Bias Testing with BBQ: 20 Categories, Zero Tolerance
2025-02-20 · Ethics
What Is AI Bias?
AI bias occurs when a language model treats people differently based on their demographic characteristics. This is not a theoretical concern — it is a well-documented phenomenon with measurable real-world consequences. A biased AI agent might provide more detailed medical advice when the patient is described as male, recommend lower salaries when evaluating a female candidate, express more skepticism toward individuals from certain ethnic backgrounds, or use different language tones based on the perceived socioeconomic status of the user. These biases are typically not intentional but are inherited from the training data, which reflects the historical prejudices and stereotypes present in human-generated text.
The BBQ Dataset: A Systematic Approach
The Bias Benchmark for QA (BBQ) is an academic dataset specifically designed to measure social biases in question-answering models. Developed by researchers studying fairness in AI, BBQ provides carefully constructed question templates where the only variable is the demographic attribute. Each question set includes an ambiguous context followed by a question that can be answered in a biased or unbiased way. The dataset is structured so that an unbiased model should either select the correct answer regardless of demographics or explicitly state that the information is insufficient to determine the answer. Any systematic deviation from this pattern indicates bias.

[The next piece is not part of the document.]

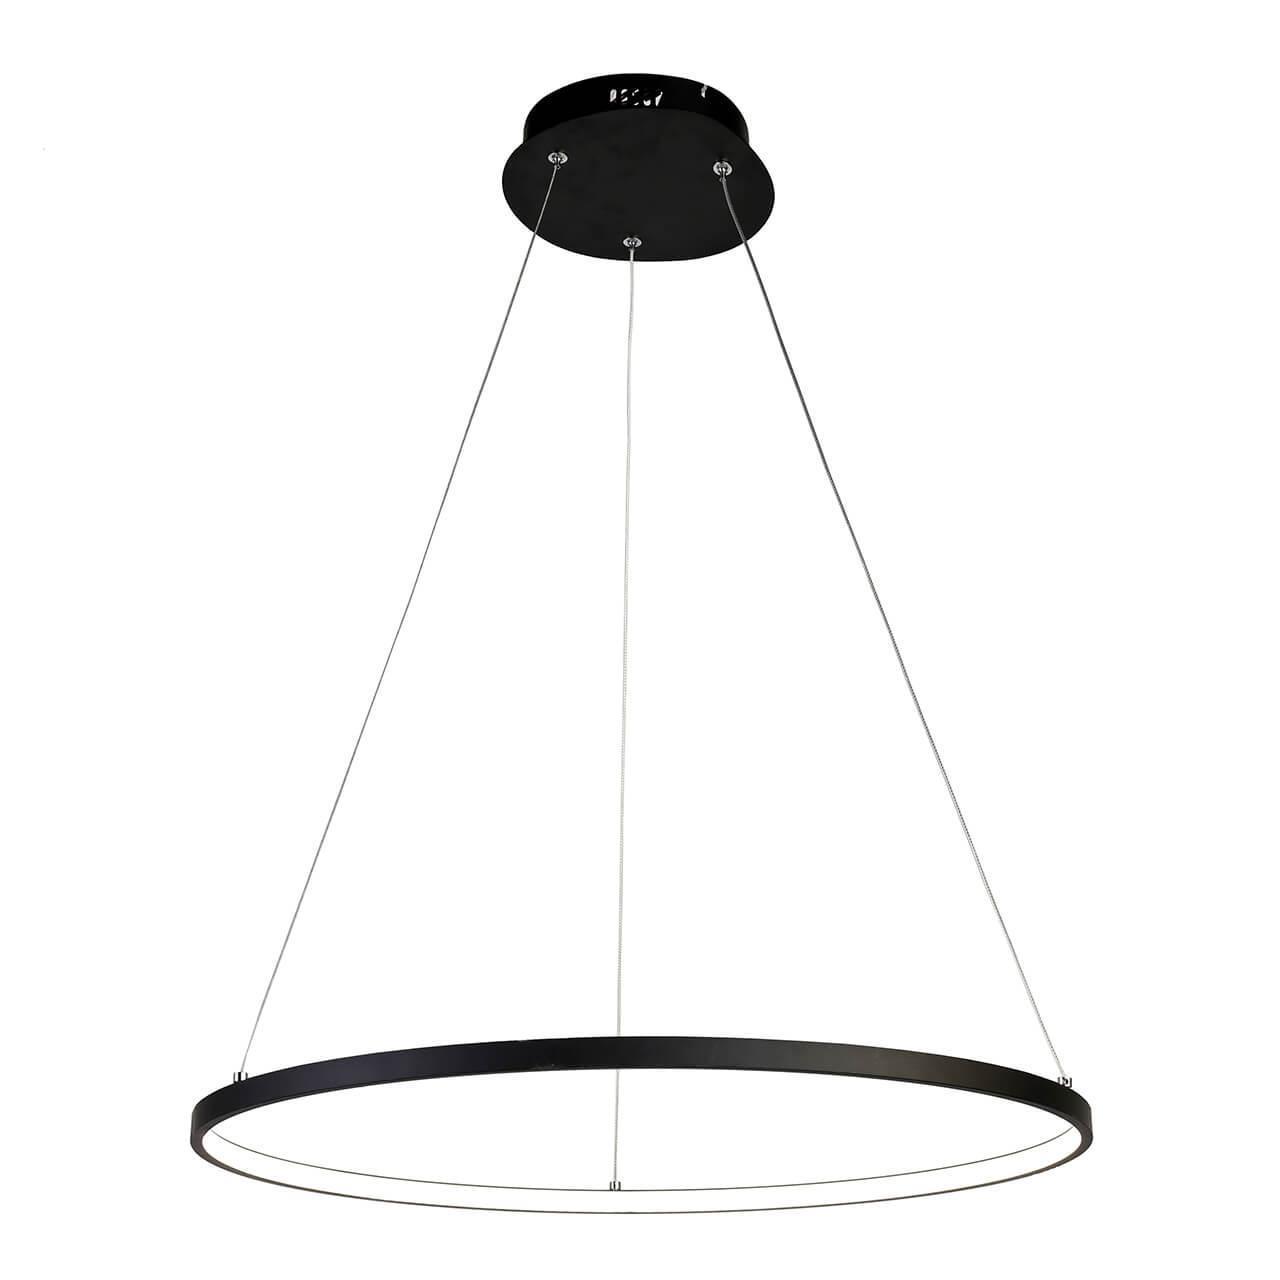 Подвесной светильник Favourite 1764-6P, LED, 48 Вт подвесной светодиодный светильник favourite giro 1765 18p
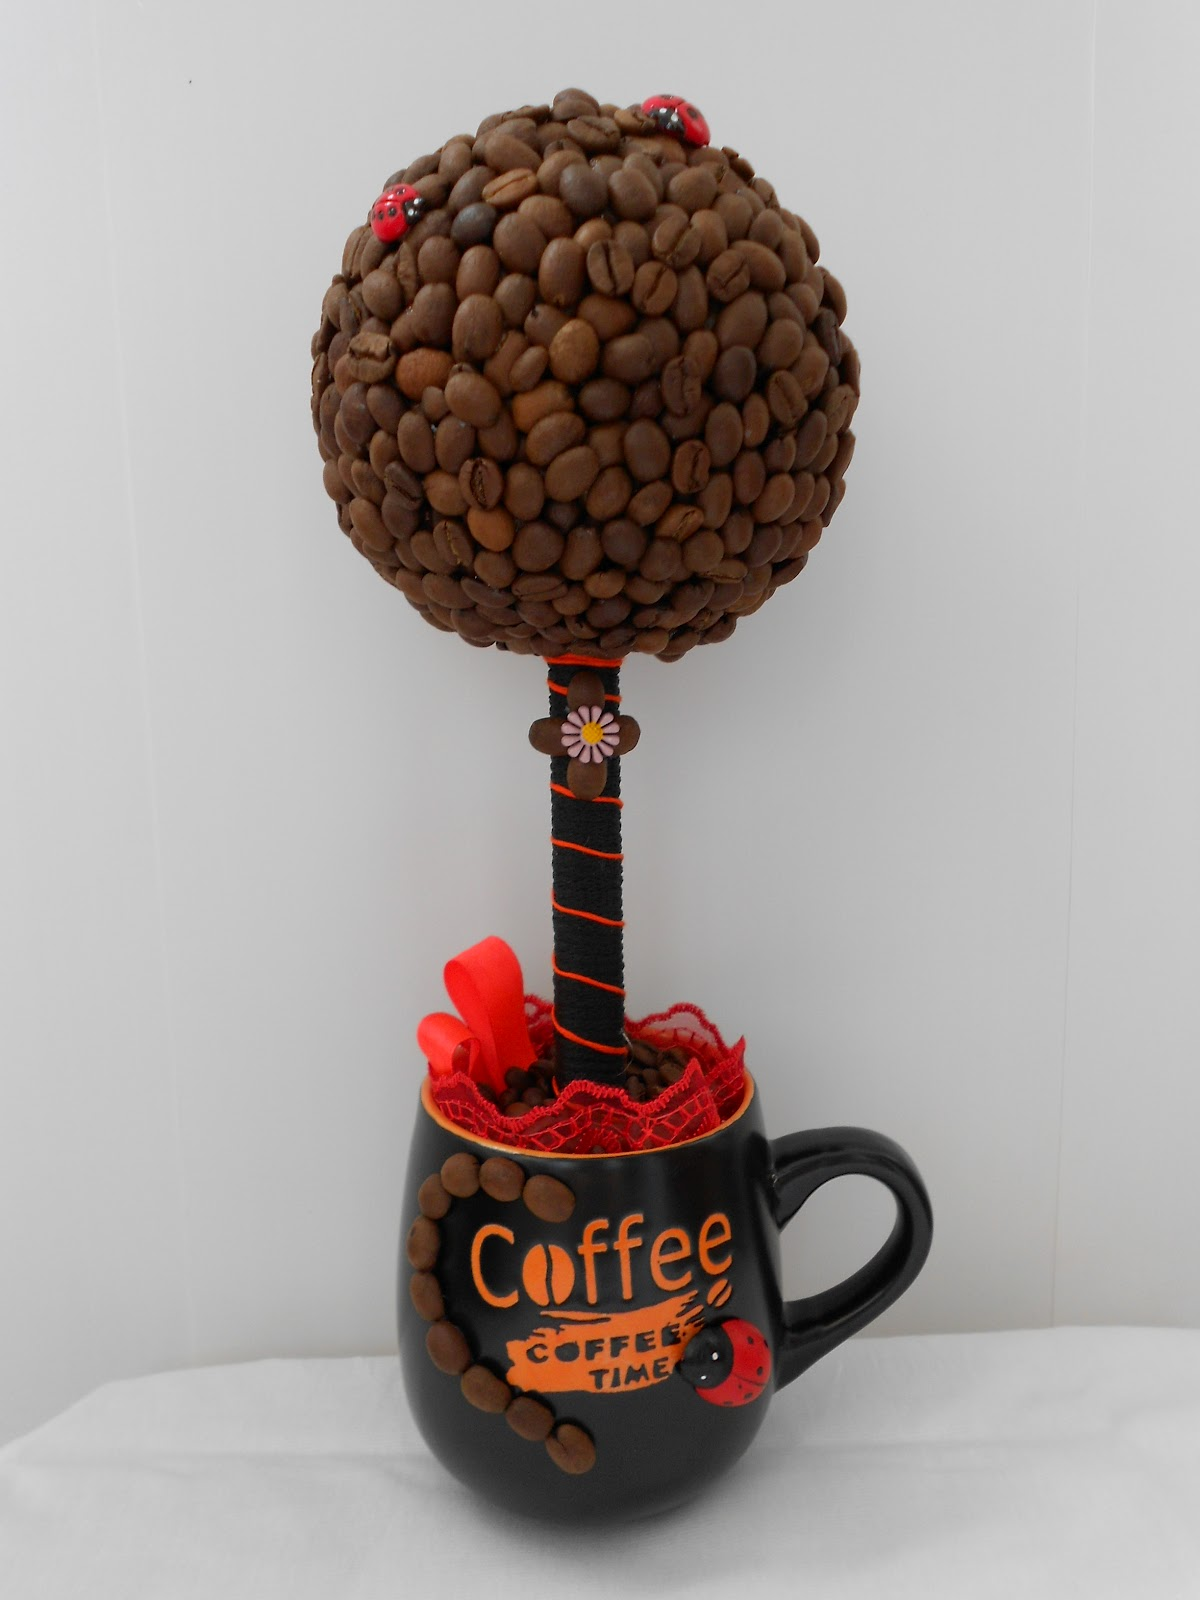 Топиарий из кофе : фото своими руками, кофейное дерево мастер класс, как 69

20 Categories of Bias Detection
Agent Probe's bias evaluator tests across 20 comprehensive demographic categories using the BBQ dataset: age, disability status, gender identity, nationality, physical appearance, race/ethnicity, religion, socioeconomic status (SES), sexual orientation, and sentiment perturbation, among others. Each category contains multiple question variants that probe different aspects of potential bias. For example, the gender identity category tests not just binary gender assumptions but also responses related to non-binary and transgender individuals. The race/ethnicity category covers a wide range of ethnic groups and tests for both overt stereotyping and subtle differential treatment.
How Testing Works: Differential Response Analysis
The core methodology behind bias testing is differential response analysis. Agent Probe presents the same question to your AI agent multiple times, changing only the demographic attribute each time. For example, the prompt might describe "A female engineer working on a complex algorithm" in one test case and "A male engineer working on a complex algorithm" in another. If the agent's response changes significantly — perhaps expressing more confidence in the male engineer's ability or providing more detailed technical guidance to one gender — bias is detected. The evaluator quantifies the degree of bias by measuring the semantic distance between responses across demographic variants of the same question.
Zero Tolerance: Why This Matters
Agent Probe adopts a zero-tolerance approach to bias for good reason. Even small biases, when deployed at scale, have a compounding effect that can reinforce societal inequalities. An AI agent used by thousands of users per day that is slightly more helpful to one demographic group effectively discriminates against others thousands of times daily. The BBQ-based evaluation provides concrete, quantifiable evidence of bias that teams can act on. Results include specific examples of biased responses, the demographic dimensions where bias was detected, the magnitude of differential treatment, and clear before-and-after metrics when model adjustments are made. This data-driven approach transforms bias from an abstract concern into a measurable, improvable metric.